St. Mary’s City, MD- “Darkness cannot drive out darkness; only light can do that. Hate cannot drive out hate; only love can do that.” This famous quote by Dr. Martin Luther King Jr. summed up the mood of the 13th annual MLK Prayer Breakfast at St. Mary’s College of Maryland.

On Jan. 16, hundreds gathered for the day of reflection and remembrance. St. Mary’s College in partnership with St. Mary’s County Human Relations Commission, St. Mary’s County Public Schools, College of Southern Maryland and the Alpha Kappa Alpha Sorority, Inc., Nu Zeta Omega Chapter hosted the prayer breakfast at the J. Frank Raley Great Room at the Campus Center. Leonard Brown, who is on the MLK Prayer Breakfast Planning Committee, said it's always a great turnout. "We usually have 200-300 people. The breakfast started at 6:30 a.m. and there was a good crowd." 

This year’s event featured activists, politicians, students and performers. The keynote speaker was David Kendall. The attorney and activist was a Freedom Rider in the 1960’s and part of a campaign to register black voters in the Deep South.

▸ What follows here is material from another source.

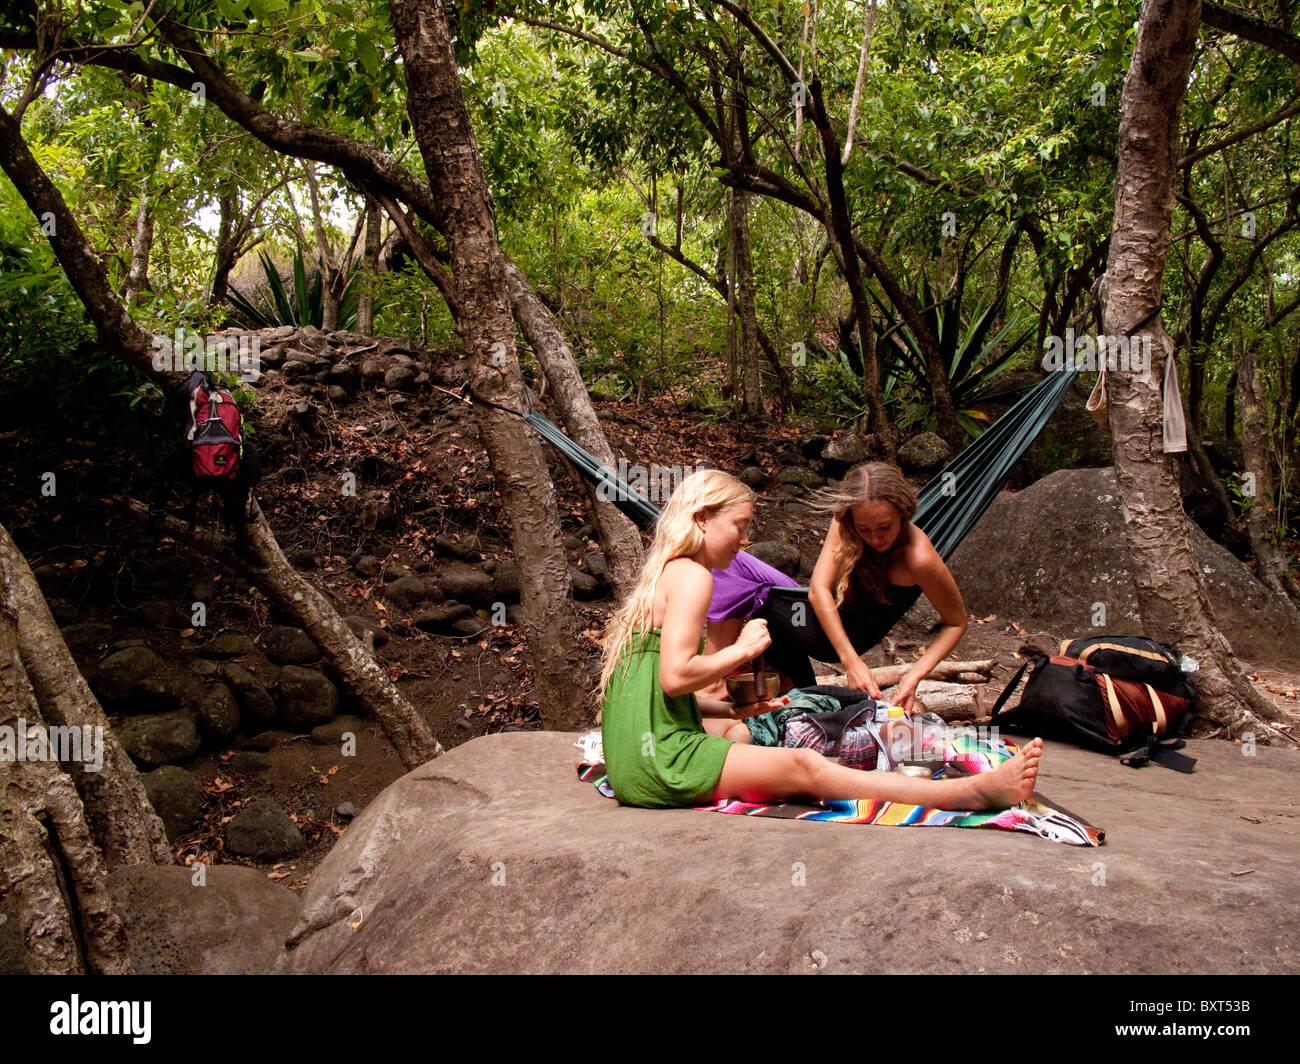 Dos mujeres relajándose en un camping en Valle Kalalau, Costa Na Pali, Kauai Foto de stock

Today, he still fights for civil rights.

The Master of Ceremony was Tuajuanda Jordan, President of St. Mary’s College. She welcomed visitors and spoke about the changes approaching our nation with the incoming Presidential administration.

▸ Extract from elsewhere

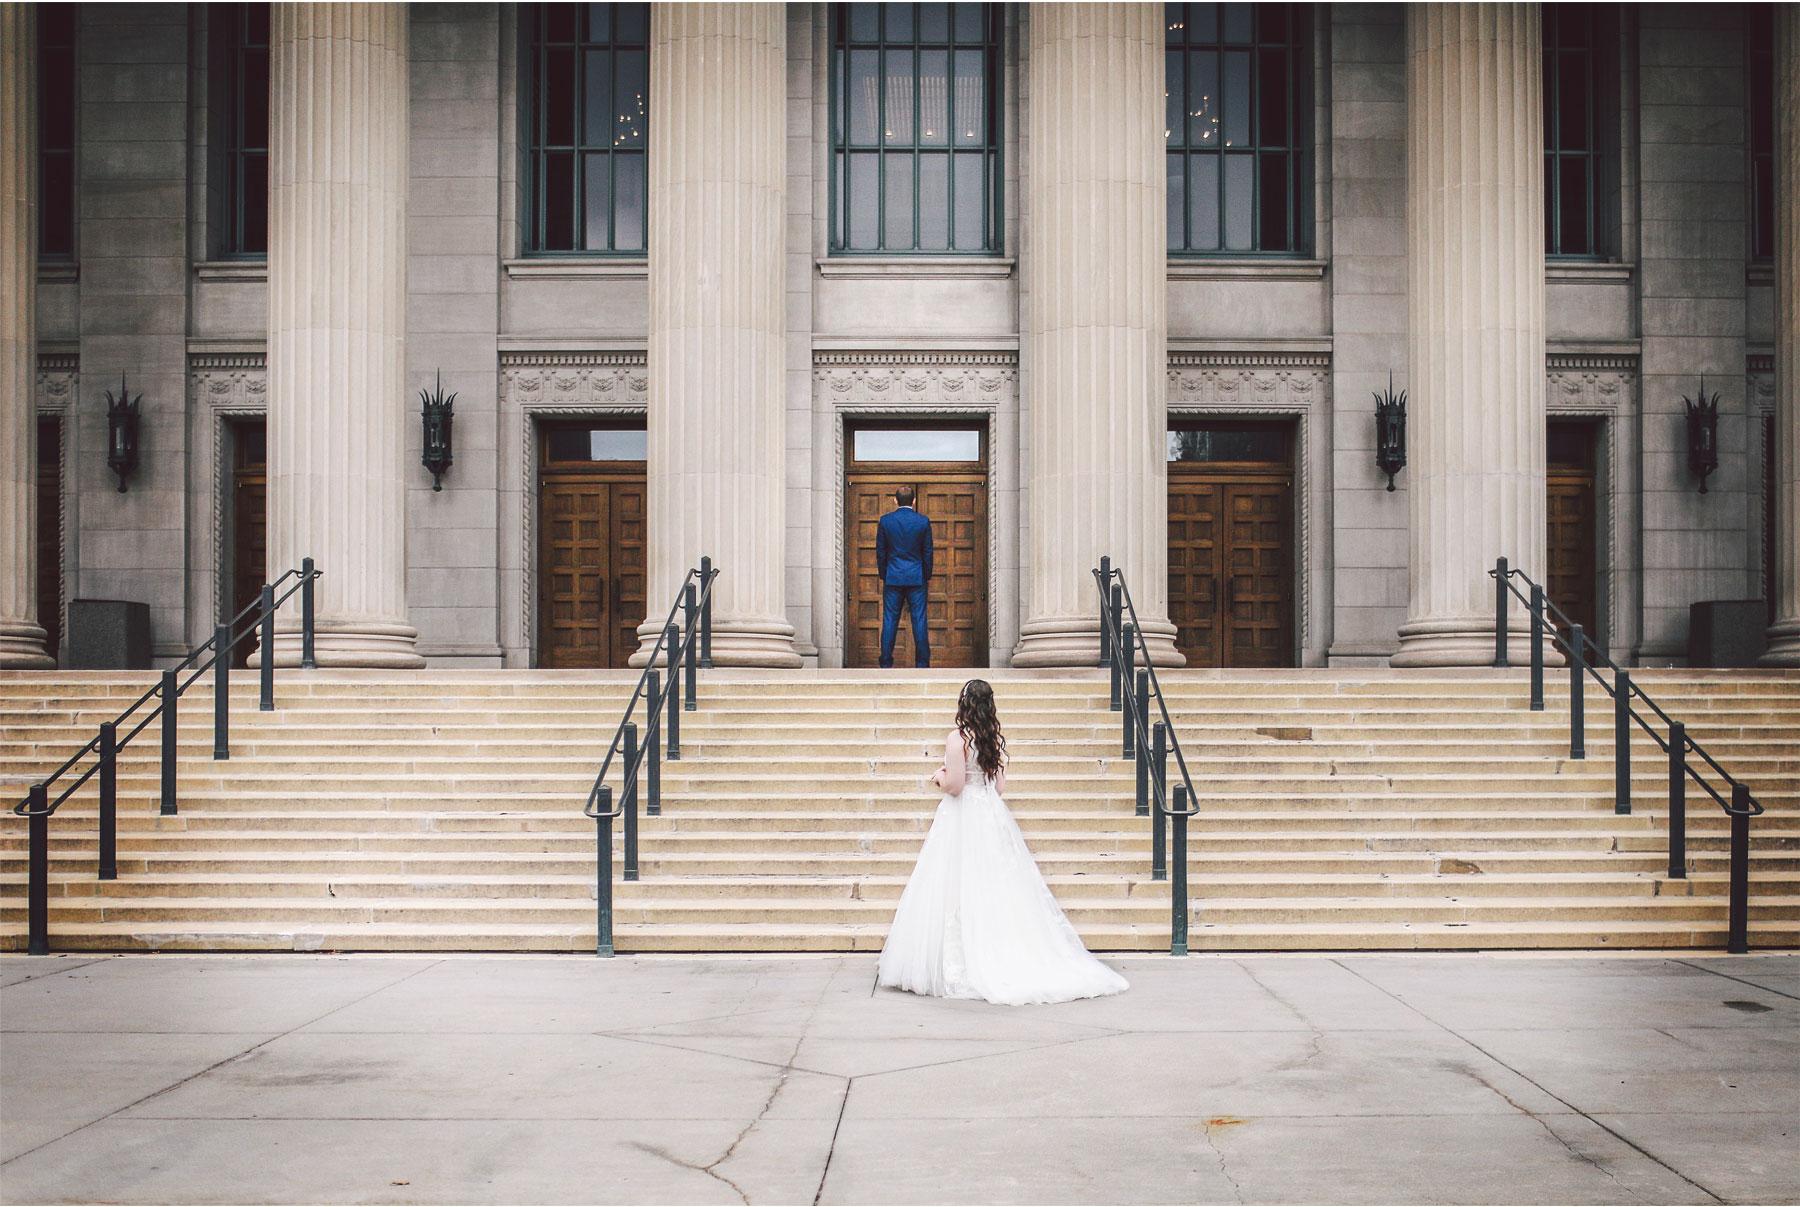 03-Saint-Paul-Minnesota-Wedding-Photography-by-Vick-Photography-Saint-Paul-Athletic-Club-First-Look-Kelsey-and-Jeffery.jpg

Pastor John Briscoe, from Saint Inigoes, offered both the invocation and benediction. He retired after serving for 37 years in the United States Army. He and his wife founded Restoration Free Gospel Church of Christ back in 2005.

Congressman Steny Hoyer [D-MD 5th District], who represents St. Mary’s, Charles and Calvert counties, also addressed the audience. He currently serves as the House Democratic Whip for the 115th United States Congress and is the second-ranking member of the House Democratic Leadership.

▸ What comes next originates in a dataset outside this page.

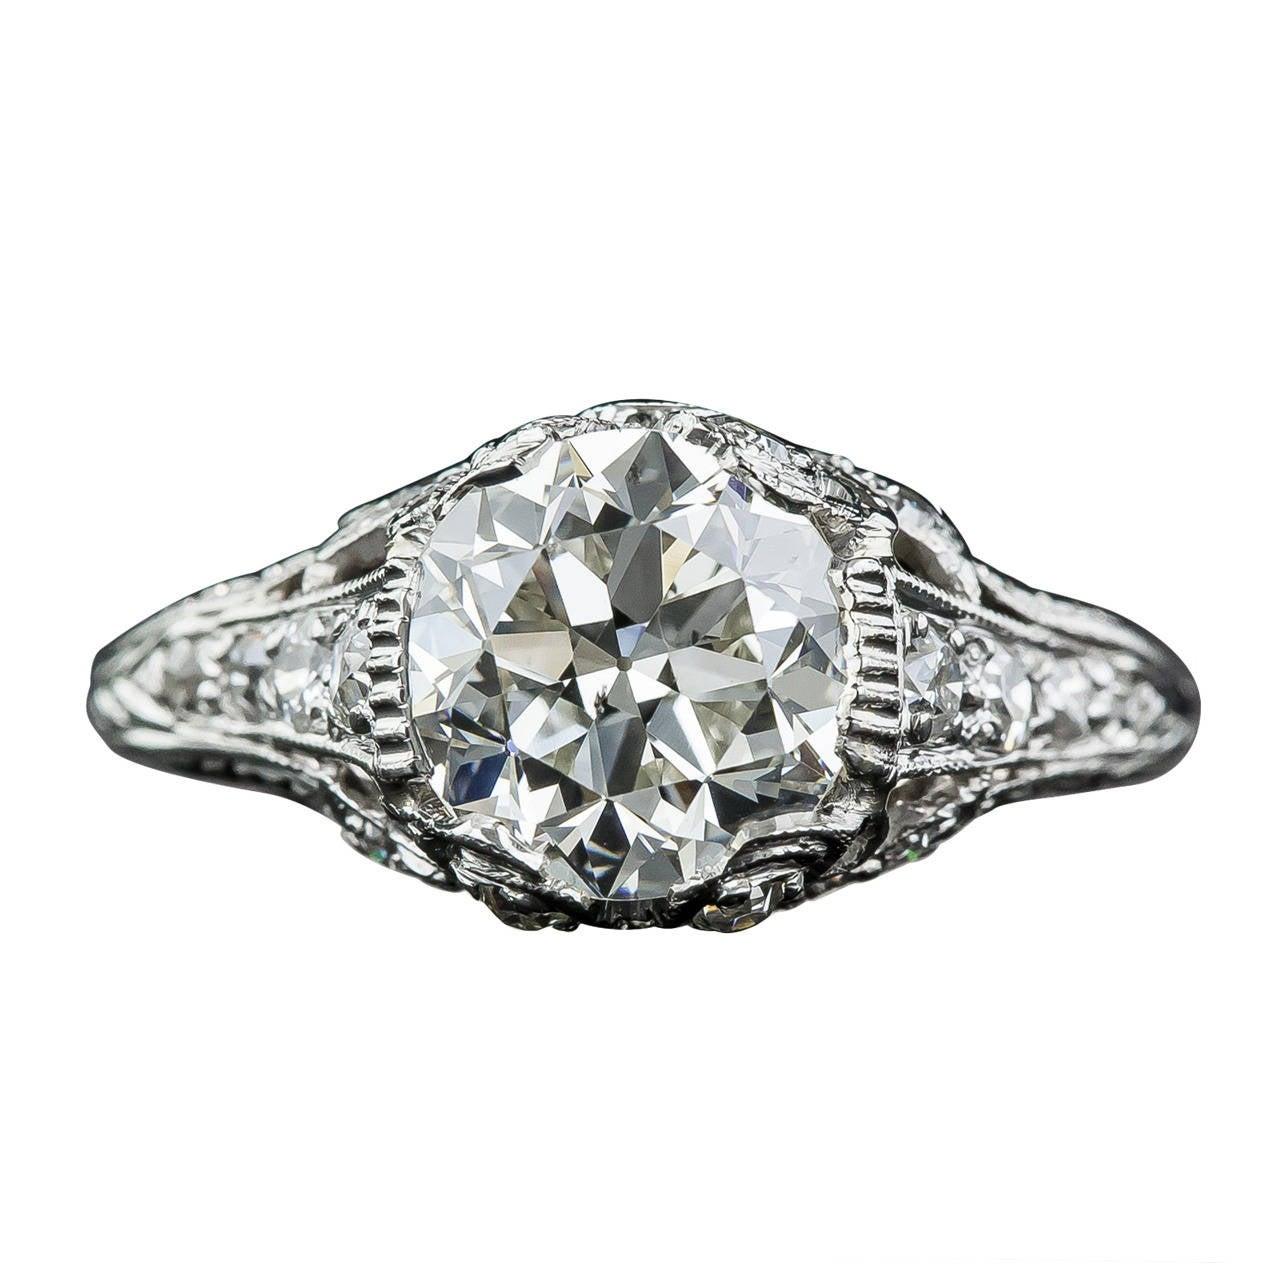 Edwardian GIA Cert 2.09 Carat Diamond Platinum Ring For Sale

“Today is a day of service, a day of remembrance, a day of commitment,” Hoyer said. He reflected on an old Time magazine in which Martin Luther King Jr. was featured on the cover. The magazine designated MLK a Founding Father. “Today we celebrate the life of a man, who was a Founding Father, even though he lived long after the Founding Fathers.”

Moyer went on to talk about past racial injustices that are being brought the light on the big screen through movies like “Hidden Figures” and “The Help.”

“I hope those who have seen these movies are offended by those before us.” Moyer also promised to recommit himself to the ideals and the principals of Martin Luther King Jr.’s “The Dream.” “Martin Luther King called on us to protect, preserve and promote that ‘Dream.’  That’s our duty. As our President Barack Obama said, he will leave the presidency at noon on Friday and obtain a title he already had—citizen. As citizens today and every day, we’re called to make America all that we want it to be.”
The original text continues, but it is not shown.